What is wrong with your antenna..symtoms??


----------



## OnTheRoad (Dec 19, 2005)

MyGreenMax94 said:


> What is wrong with your antenna..symtoms??


I'm getting a parasitic drain and am looking into the usual list of suspects. The automatic antenna was the problem on my other car, so ....


----------



## MyGreenMax94 (Dec 17, 2005)

OnTheRoad said:


> I'm getting a parasitic drain and am looking into the usual list of suspects. The automatic antenna was the problem on my other car, so ....



Just turn the car on and let the antenna raise up then unplug it...If the drain goes away then you found it...
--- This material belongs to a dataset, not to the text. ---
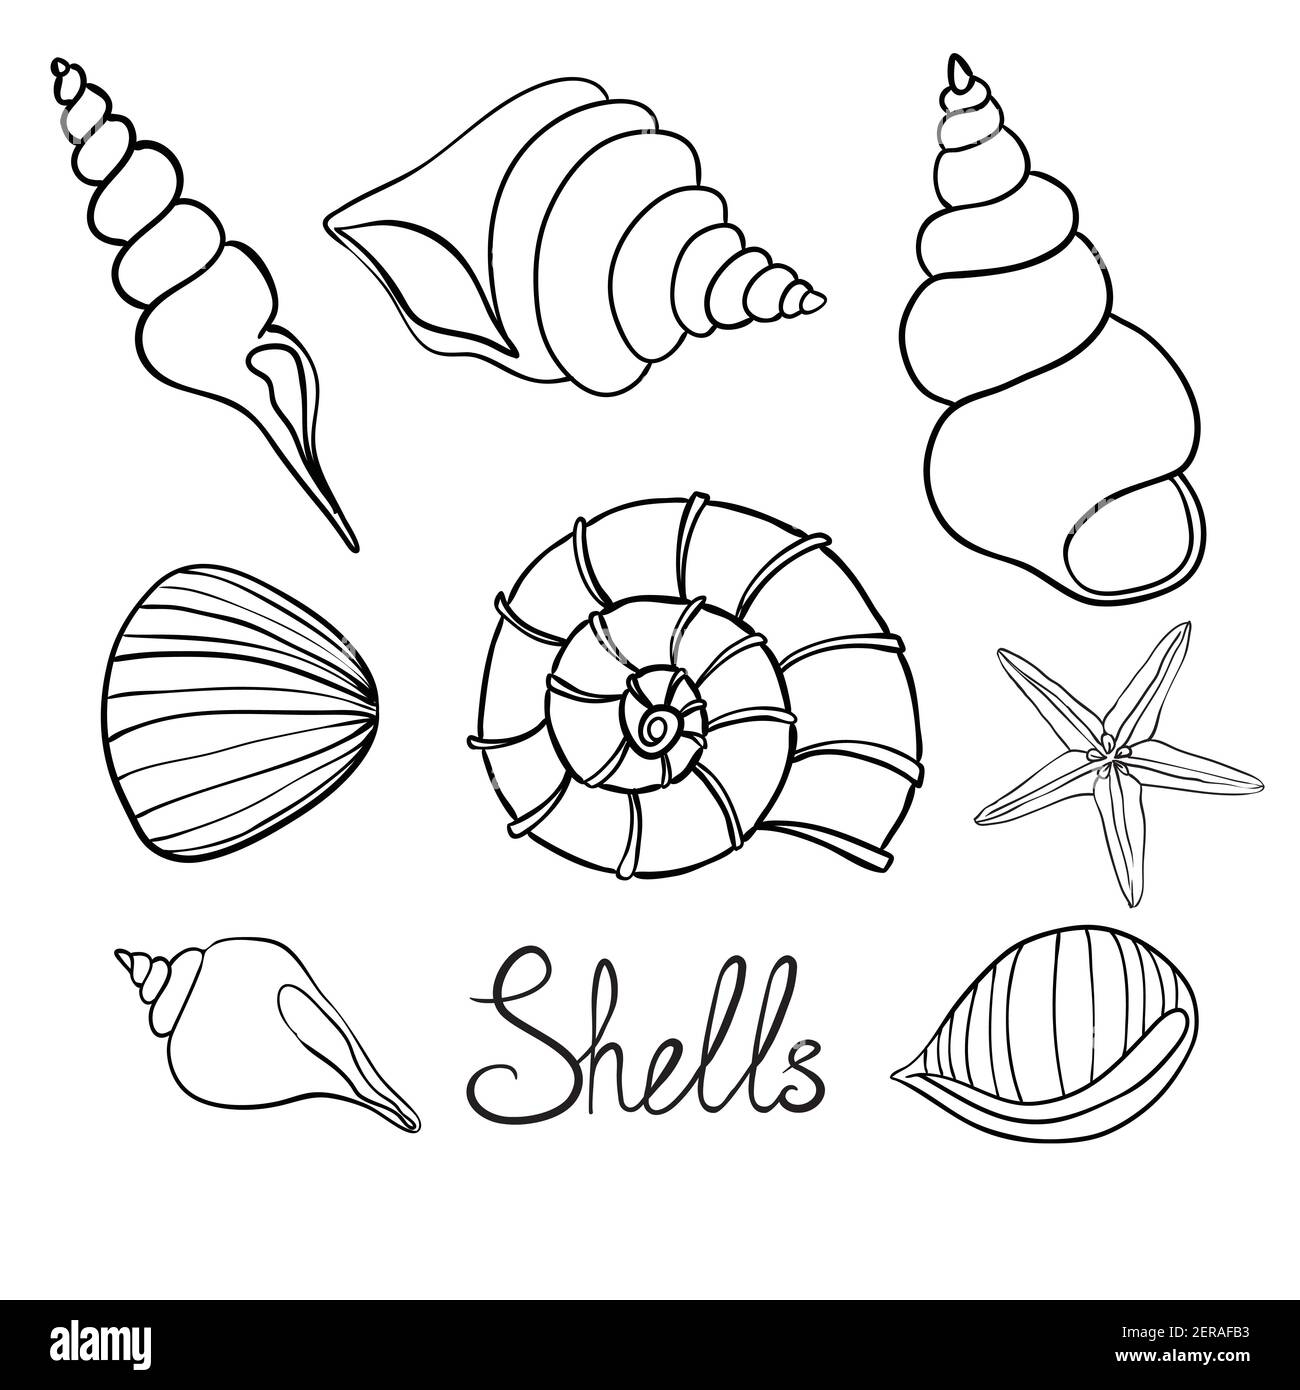 Hand drawn vector illustrations - collection of seashells. Marine set. Stock Vector

But here is the antenna wiring diagram for shits and giggles..


----------



## OnTheRoad (Dec 19, 2005)

Thanks. Turned out to be the alarm. Off, but one contact open - the hood.
Is the relay on the antenna unit or located elsewhere?

OnTheRoad.



MyGreenMax94 said:


> Just turn the car on and let the antenna raise up then unplug it...If the drain goes away then you found it...
> 
> But here is the antenna wiring diagram for shits and giggles..


----------



## MyGreenMax94 (Dec 17, 2005)

OnTheRoad said:


> Thanks. Turned out to be the alarm. Off, but one contact open - the hood.
> Is the relay on the antenna unit or located elsewhere?
> 
> OnTheRoad.



The fsm doesn't say where it is located...It might be on the antenna assembly itself...If not you might have to trace the wiring from the antenna to the front to find it...


----------